The results were promising, to say the least. The implementation of a full nutrition package in the first factory reduced the prevalence of anaemia by 32 per cent. Even just the inclusion of IFA supplements and enhanced BCC sessions (in the third factory) brought a 12 per cent decline. Hemoglobin concentrations increased in both of these groups.

This reinforces the findings of separate studies, in which fortified foods caused the anaemia rate among participants to drop by 46 per cent over 6-11 months. Intermittent doses of IFA supplements reduced the prevalence of anaemia in menstruating women by 27 per cent.

In the icddr,b study, women from all four factories also reported a significant increase in knowledge of the main food groups, iron-containing foods, and the benefits of different vitamins and minerals as a result of the BCC sessions. But the actual results—including the regularity with which IFA supplements were taken—varied depending on the information relayed.

Among the second set of women, who received the regular BCC module and no other interventions, anaemia actually increased by 6 per cent. This indicates that dietary and nutritional adjustments—not social or demographic factors—make all the difference.

If the clinical evidence is not enough to convince companies to invest in combating anaemia among their workers, perhaps the productivity benefits will be. In our study, provision of a nutritionally enhanced lunch was associated with an increase in productivity: participants in the first factory were able to work more hours, and there were significantly fewer reports of common colds, urinary tract infections, and joint pain.
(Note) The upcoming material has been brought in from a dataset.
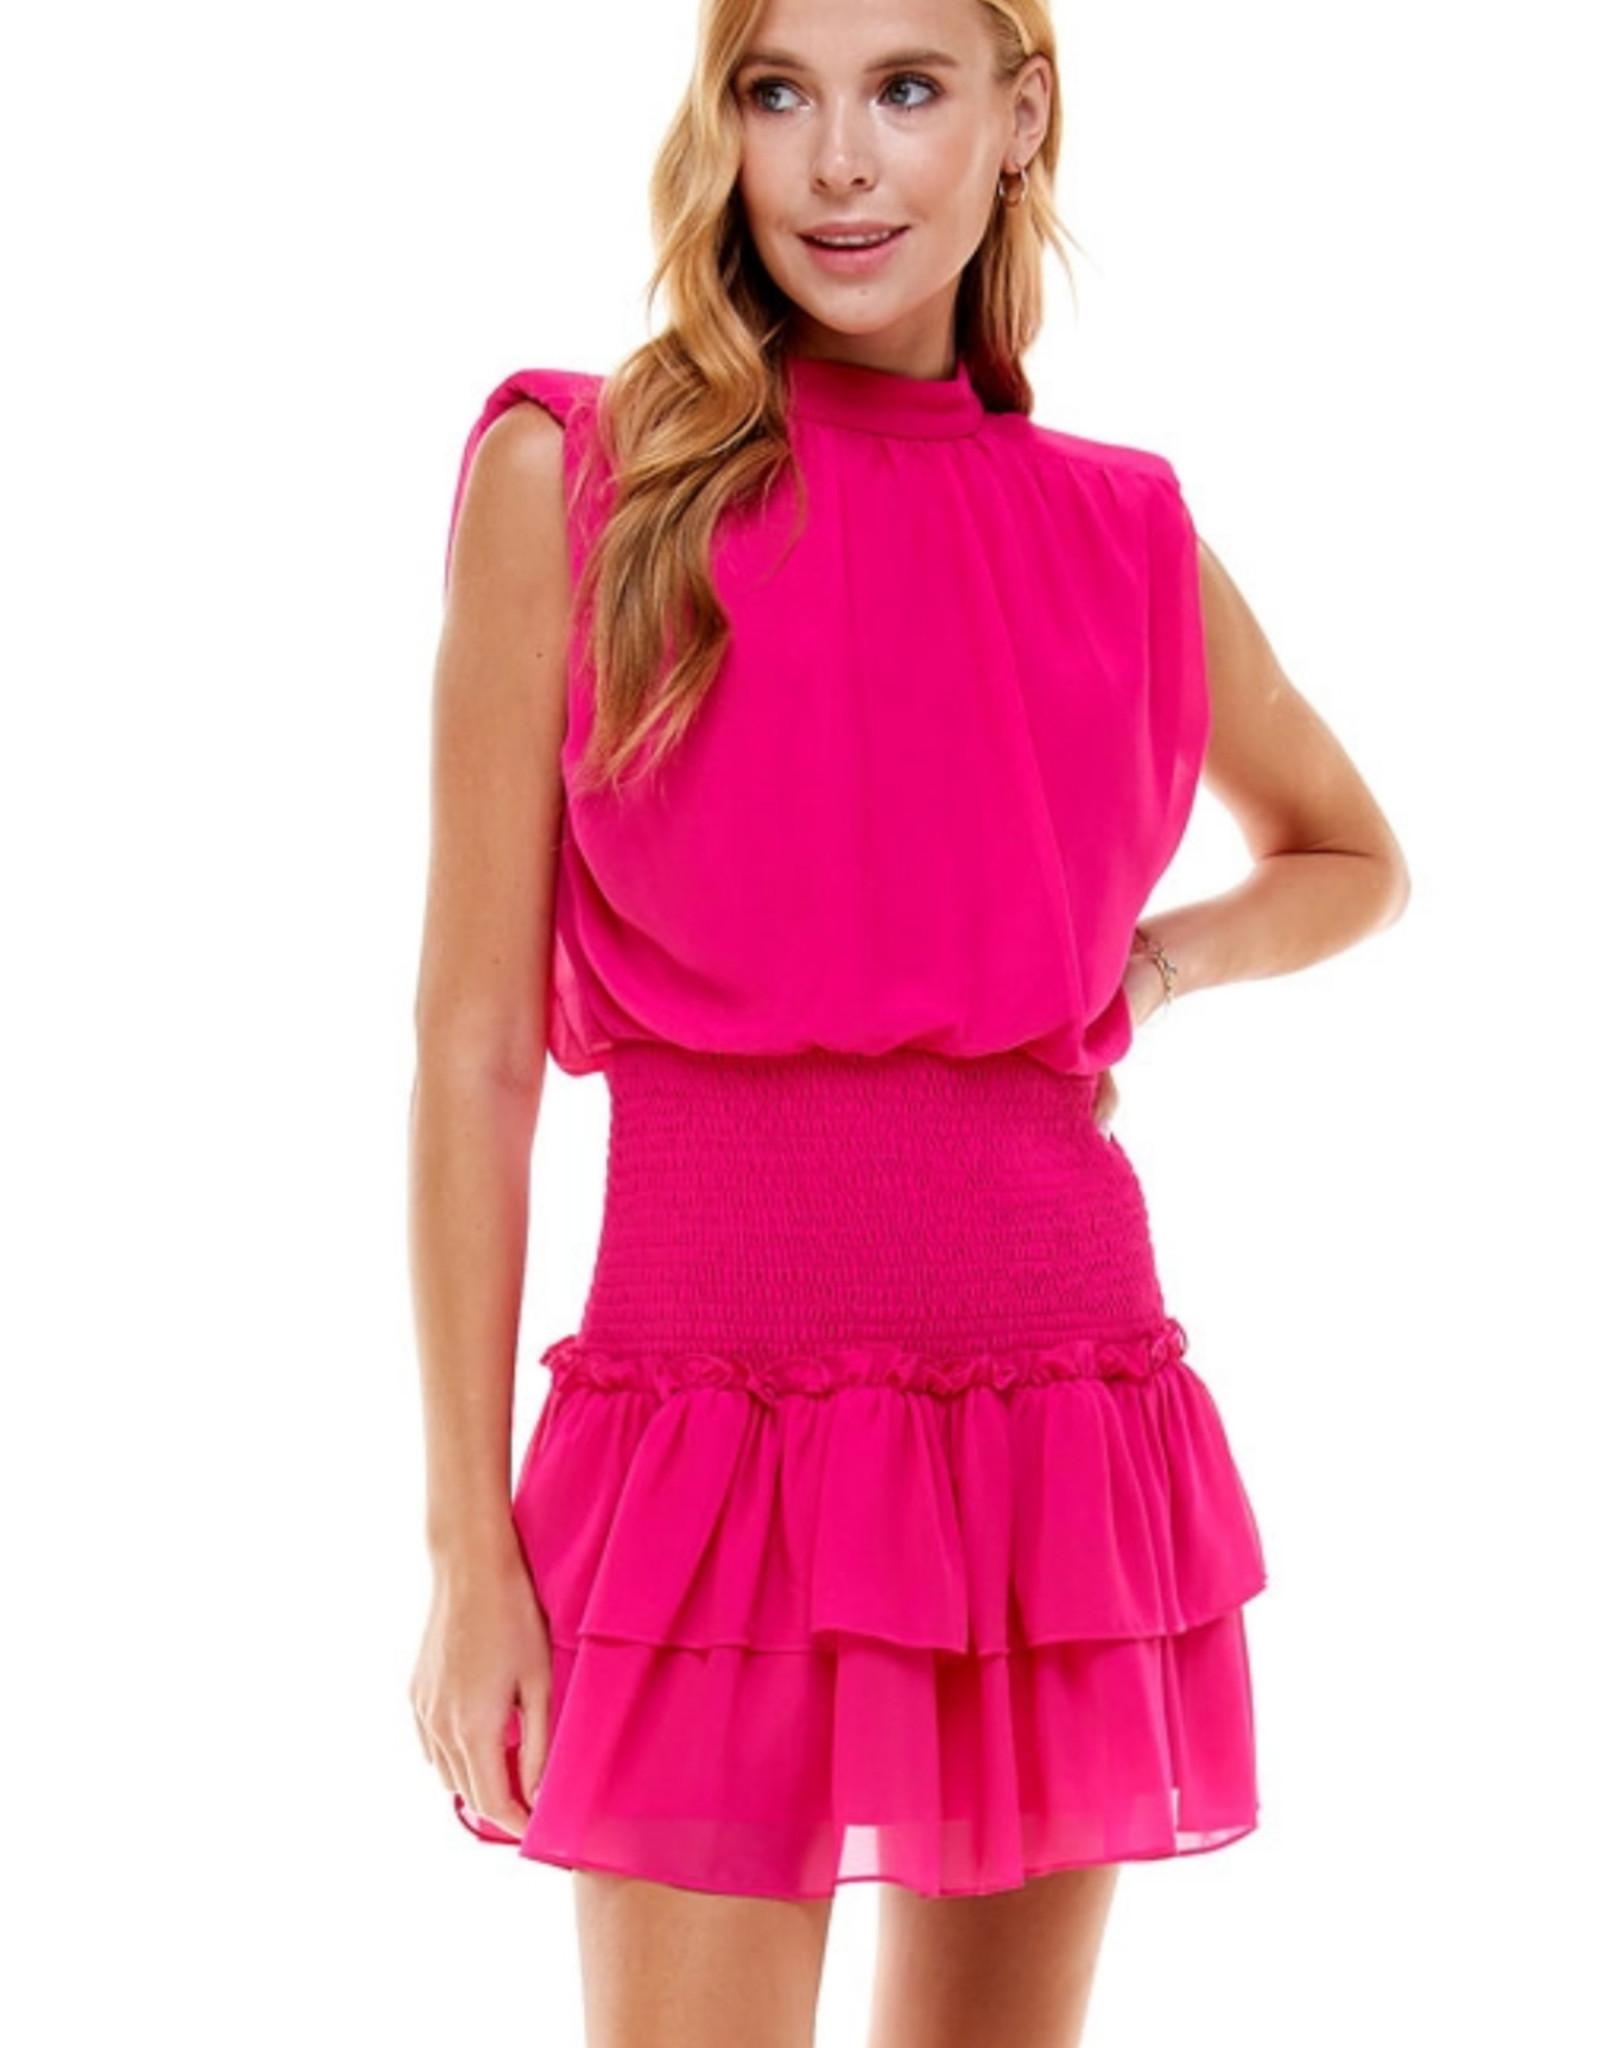 Ruffled Shoulder Pad Dress

Nonetheless, we cannot count on companies to make the needed changes themselves. That is why icddr,b plans to engage Bangladeshi policymakers and other stakeholders who can effectively advocate for a comprehensive nutritional program to be introduced at all garment factories in Bangladesh.
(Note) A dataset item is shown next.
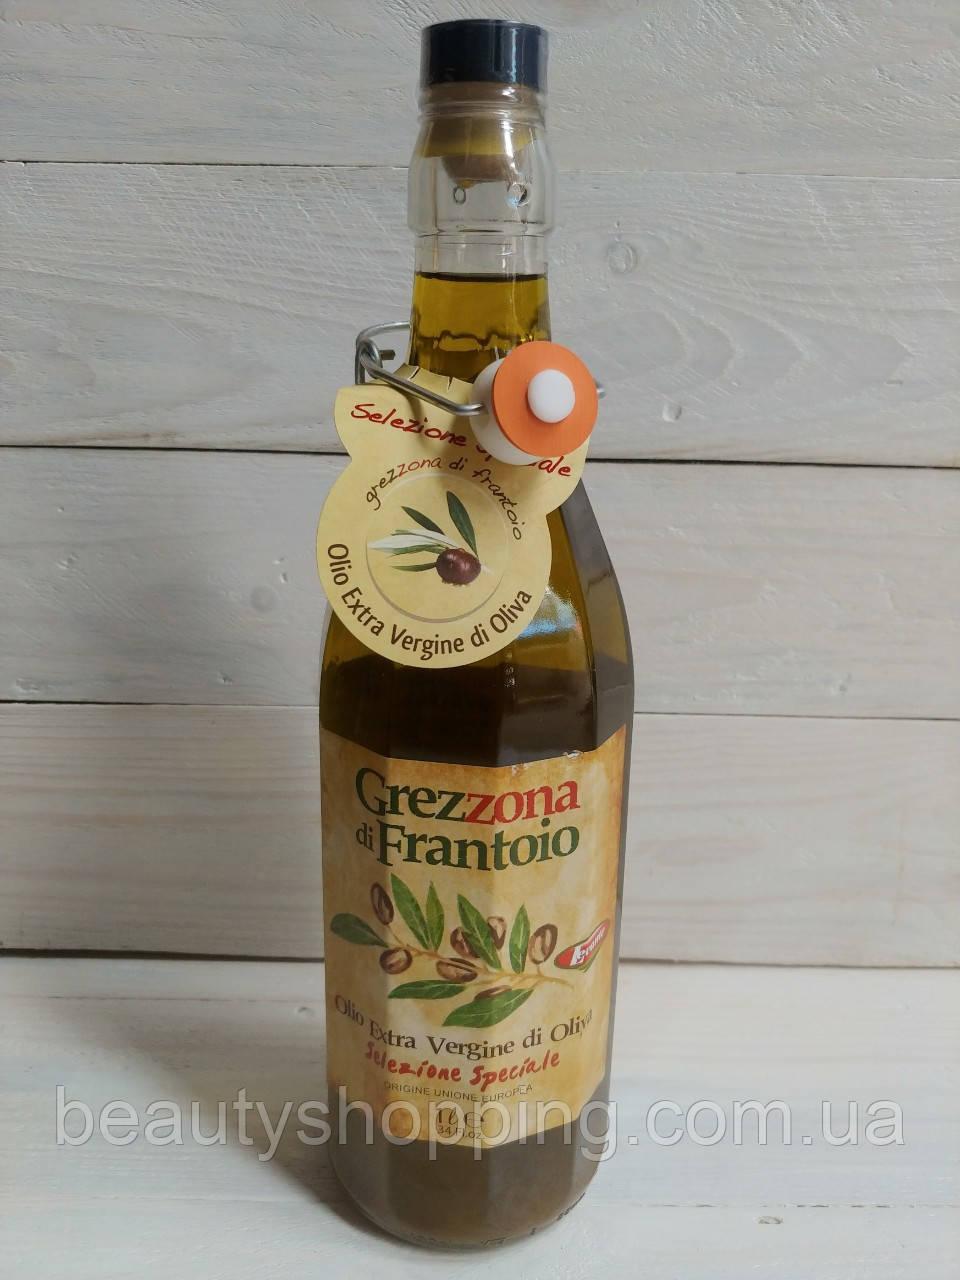 Оливковое нефильтрованное масло Grezzona Di Frantoio Extra Vergine di Oliva 1 литр Италия

We also plan to test the same packages in different settings—such as in schools or among domestic workers—in the hope that successful strategies can be rolled out more widely, especially in women-dominated workplaces. Such initiatives can serve as a model for other developing countries, where anaemia continues to damage—and even end—women’s lives.

Muttaquina Hossain is an assistant scientist in the Nutrition and Clinical Services Division at the International Centre for Diarrhoeal Disease Research, Bangladesh.